Analyzing various spherical blood smear images databases is difficult due to brightness and coloring differ depending on equipment used and circumstances. Results for various blood smear images captured using different hardware equipment have been analyzed using three different datasets. Our suggested technique greatly improves state-of-the-art methods, according to experimental findings acquired from datasets. Although images that have been experimented upon, have different values of textual, shape and color features, robustness of our model ensures that the segmentation results are better than many state-of-the art methods. Furthermore, in the realm of medical imaging, digital image processing is fast evolving. Applying the bounding box technique helps to crop the localized wbc so that it can be used in future work for classification.
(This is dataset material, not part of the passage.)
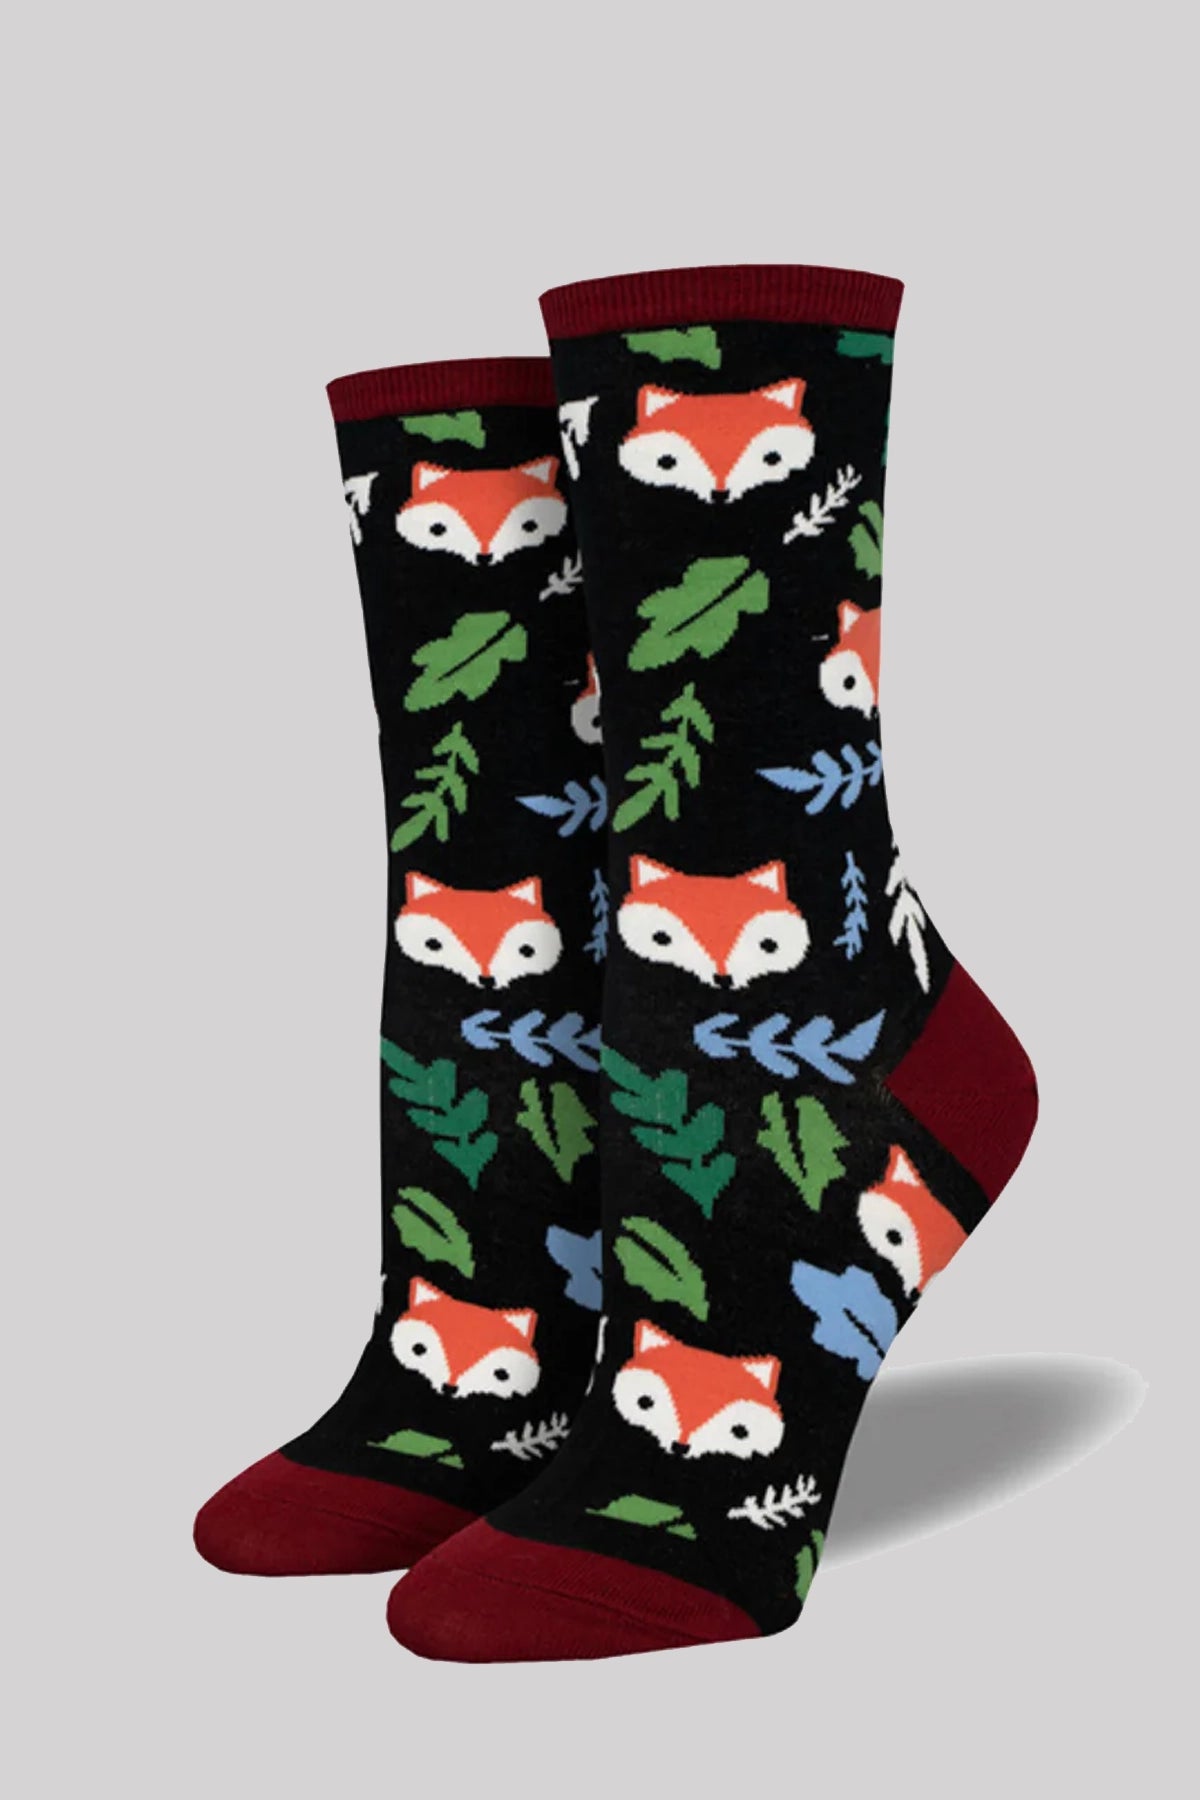 Ro Rox Nature Black Fox leaf Cute Character Quirky Ankle Socks

Experimental results show that the suggested method outperformed the others in terms of segmentation accuracy. Finally, it can be stated that the WBC accuracy can be improved by using a colour space correcting procedure.

8 Declarations

We author of the above titled paper hereby declare that the work included in the above paper is original and is an outcome of the research carried out by the authors indicated in it. Further, We author declare that the work submitted for Wireless Personal Communications An International Journal has not been published already or under consideration for publication in any Journals/Conferences/Symposia/Seminars.

Code and Data Availability Statement

The datasets generated during and/or analysed during the current study are available from the corresponding author on reasonable request.